Let's consider any parametrizable curve $g : R \rightarrow C$
For that I thought of creating Fourier series $g(t)=\sum_{n=-\infty}^{\infty} c_ne^{int}$ which can possibly cover any curve on $C$ plane.
For the sake of optimization problem I have a differentiable loss function
$F: C^m \rightarrow R$
$F(c_{-n},...,c_{-1}, c_{0}, c_{1}, ..., c_{n})$
It takes the parameters of $g$ and returns some real value.
I would like to adjust $c_{n}$ with gradient descent to find the optimal path $g$ (reach the minimum of $F$).
The problem starts when the boundary conditions come in.

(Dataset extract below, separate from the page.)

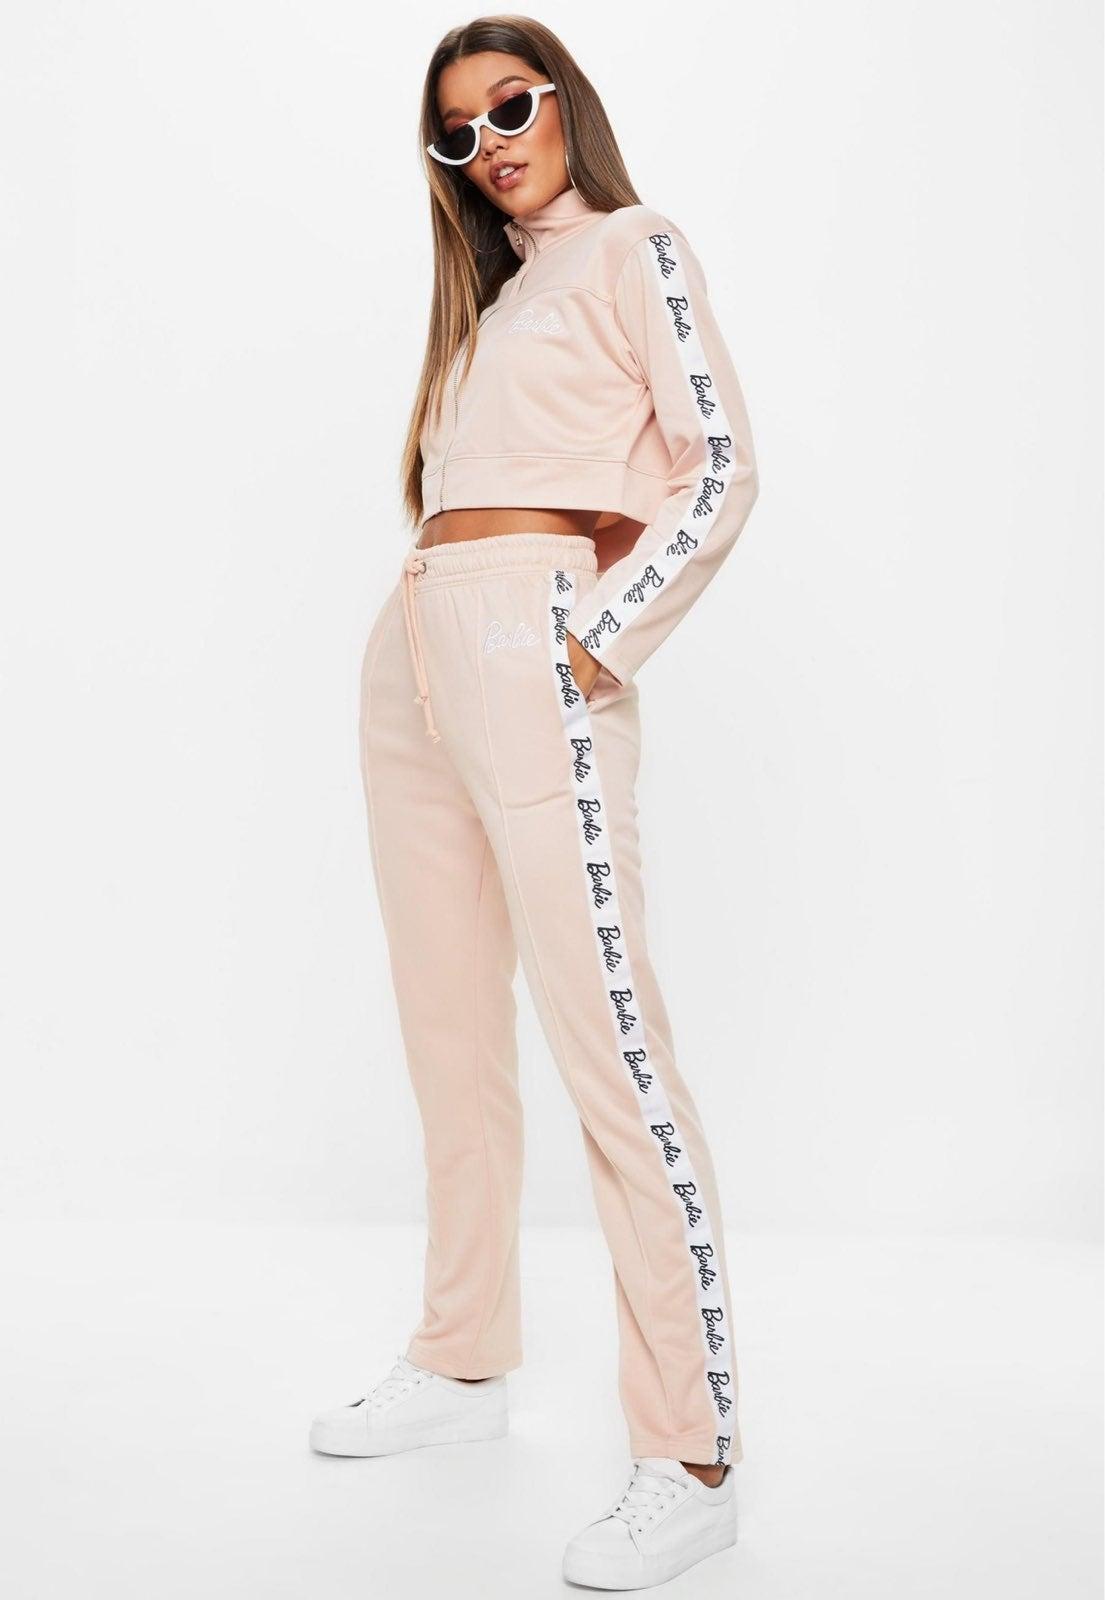 Missguided X Barbie stripe track Pants

A curve must start at $g(0) = z_0$ and end on $g(t_0) = z_1$. Can the Fourier series represent any curve starting meeting these conditions? If that's the case, how?
What are the other approaches to this problem not necessarily using Fourier series?
One solution is create a polynomial instead of Fourier series as @TravorLZH stated.
$W(t) = F(t) + P(t)$
$F$ would regulate the conditions $W(0) = z_0, W(t_0) = z_1$
and $P$ would be the one to optimize on, but it has to keep the requirement
$t \epsilon \{0, t_0\} \rightarrow P(t) = 0 $
To solve this, first I'll start with $f$. It can be a simple linear function such that:
$F(t) = ax+b F(0) = z_0$ thus $b = z_0$ and $F(t_0) = z_1$ thus $a = \frac{z_1 - z_0}{z1}$
Then when it comes to $P(t)$, I divided it into
$P(t) = (t)(t-t_0)P_1(t)$
I'd create a random polynomial $P_t(t) = c_0*t^0 + c_1*t^1+ ... + c_n*t^n$, on which I can optimize the problem by manipulating $c_0, c_1, ..., c_n$ Note that by adjusting these coefficients we can preserve the boundary conditions.
The final polynomial is the $W(t)=F(t)+P(t) = (\frac{z_1 - z_0}{z1}t^2 +z_0t) + (t)(t-t_0)(c_0*t^0 + c_1*t^1+ ... + c_n*t^n)$.